Me First!

“Ooh, ooh, ooh, pick me, pick me!”

“Me first, me first, me first.”

“Pleeeassse, pleeeassse, pleeeassse!”

Remember what it was like to move to the edge of your seat, with your bottom barely attached to your child-sized chair? Your arm waving wildly and your mouth moving even faster to get your teacher’s attention?

Remember what it was like to want to be picked first, even when you didn’t know the answer?

Remember when you did get picked first and you didn’t have the answer? You’d put your little hand down for a red-hot second before it shot back up in the air with re-energized pleas for the teacher to pick you even though you still didn’t know the answer.

Remember what it was like to go first? There was no hesitancy. Just the pure, unbridled thrill of jumping-in.

At some point that incredible thrill of jumping-in begins to wane and sometimes even wax. Our bottoms become a little more glued to our adult-sized chairs. We begin to question whether our idea or our response is the right one. We begin to worry that if we jump-in it will be with a belly flop and not the perfectly timed flying forward one-and-a-half somersaults pike off the high dive (and it’s extra tragic to think about belly flopping wearing an out-of-season suit that you found on the triple mark-down clearance rack three seasons ago!).

Here’s what I know. Going first takes guts. Going first takes courage. Going first takes willingness to belly flop over and over and over. Going first takes the belief that in every thrilling belly flop lives the perfectly timed flying forward one-and-a-half somersaults pike off the high dive.

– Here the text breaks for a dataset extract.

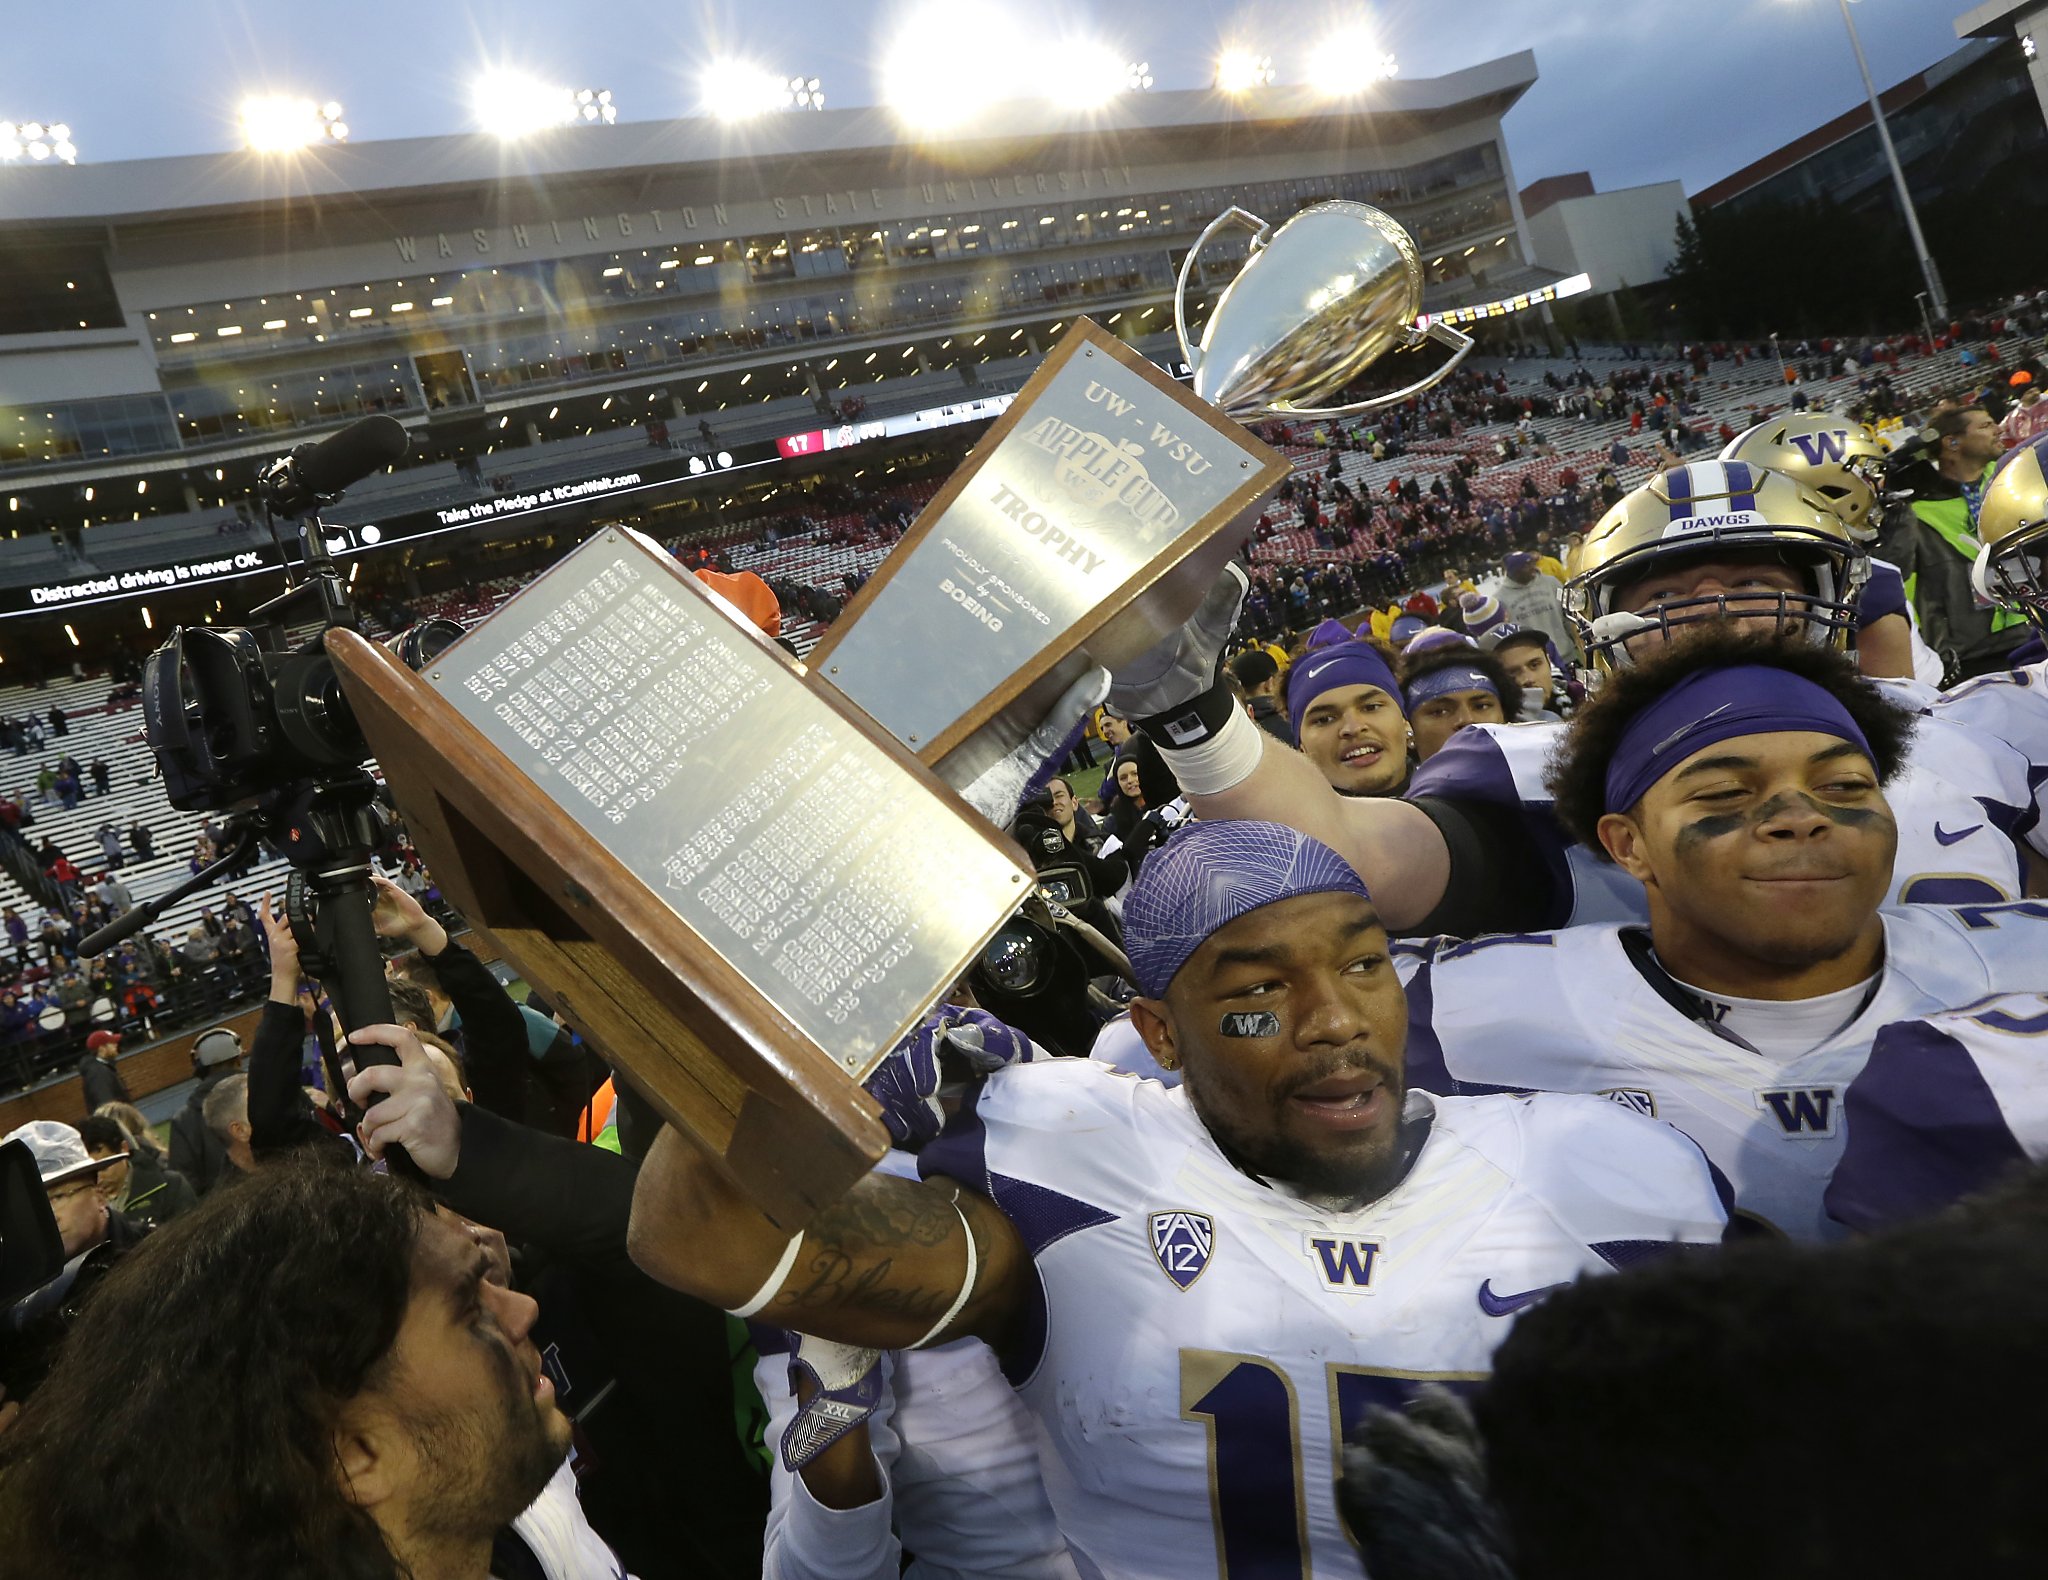 Washington’s Apple Cup will draw plenty of attention in California SFGate

Who better to go first than perfectly, perfect you? Jump in!


2 Comments (+add yours?)

  1. cegosasiapacific
    Jan 14, 2015 @ 03:26:33

    Nice thought! No leader is ever made without taking risks, without jumping into the unknown. and without exploring the uncharted territories.



    • Linda R Neff
      Jan 14, 2015 @ 11:02:36

      Yes absolutely Cegos! And we need to depend on leaders to encourage their teams to jump into the unknown knowing that they have their leader’s unconditional support. Leaders who encourage their teams exploring the unknown is one of the fantastic ways to perpetuate thoughtful, visionary leaders.